**DATA SHOWN:**
□ □ □

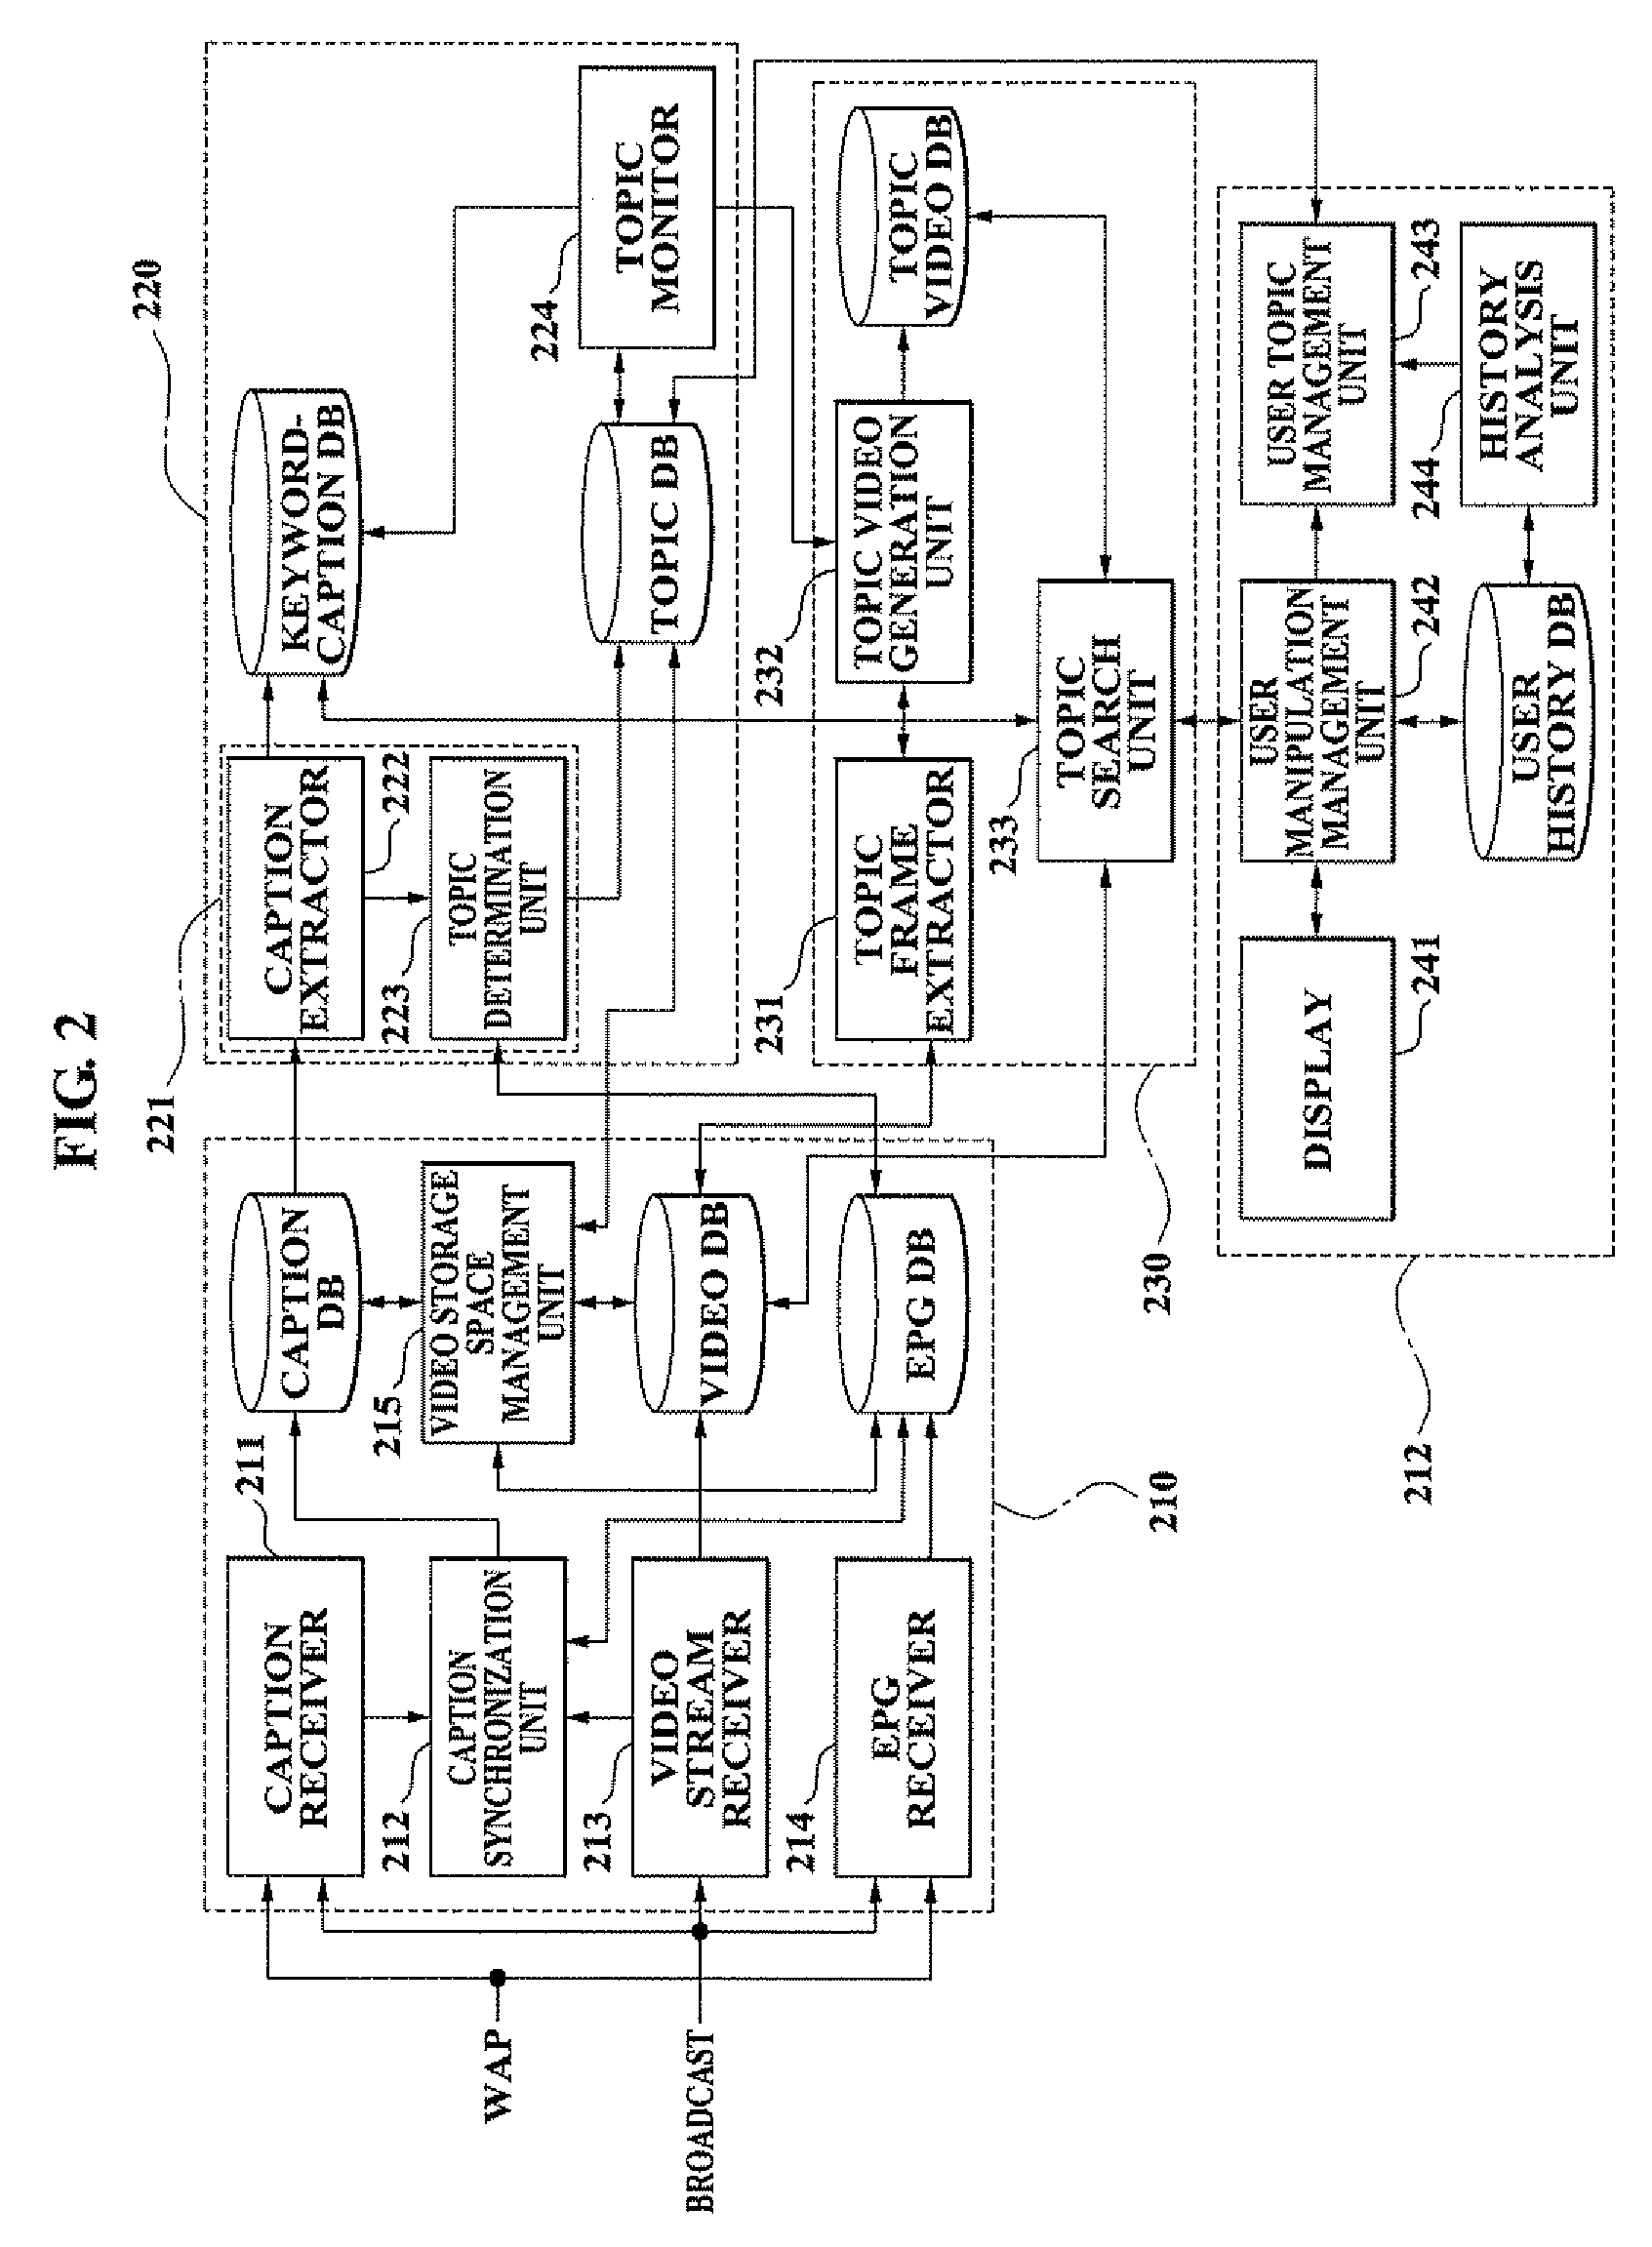 System for managing video based on topic and method using the same and method for searching video based on topic
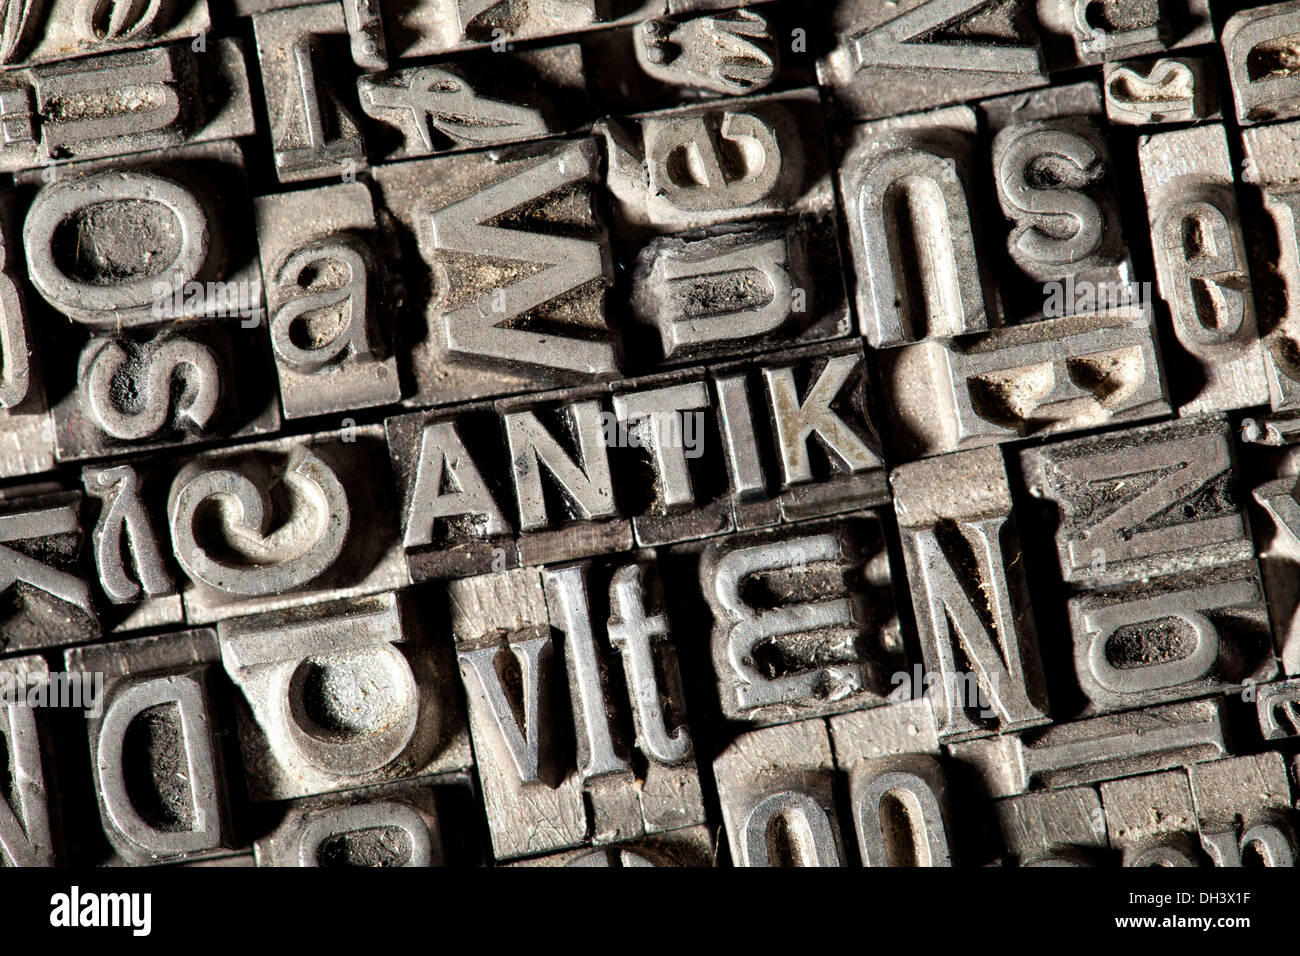 Old lead letters forming the word 'ANTIK', German for 'ANTIQUE' Stock Photo
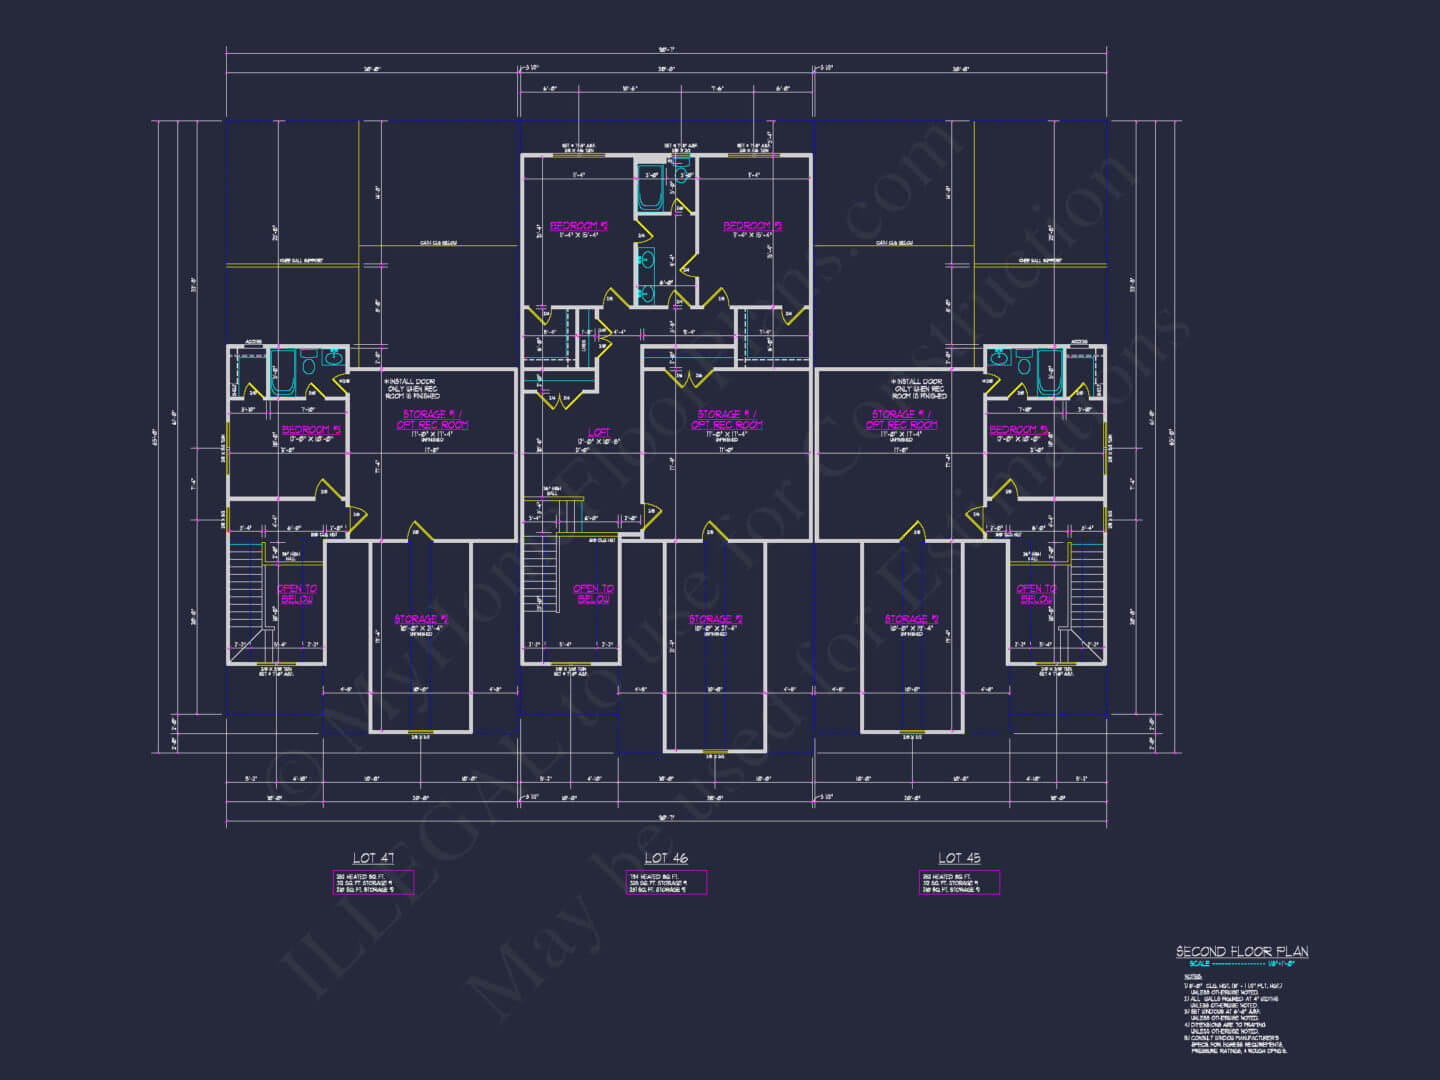 15-1173-2 triplex apartment condo townhome MY HOME FLOOR PLANS_Page_08

□ □ □

I need the lines from the line holding "Old lead letters" through the end of the material, inclusive, restated word for word and without pictures.

**WRITTEN SOLUTION:**
 Old lead letters forming the word 'ANTIK', German for 'ANTIQUE' Stock Photo
 15-1173-2 triplex apartment condo townhome MY HOME FLOOR PLANS_Page_08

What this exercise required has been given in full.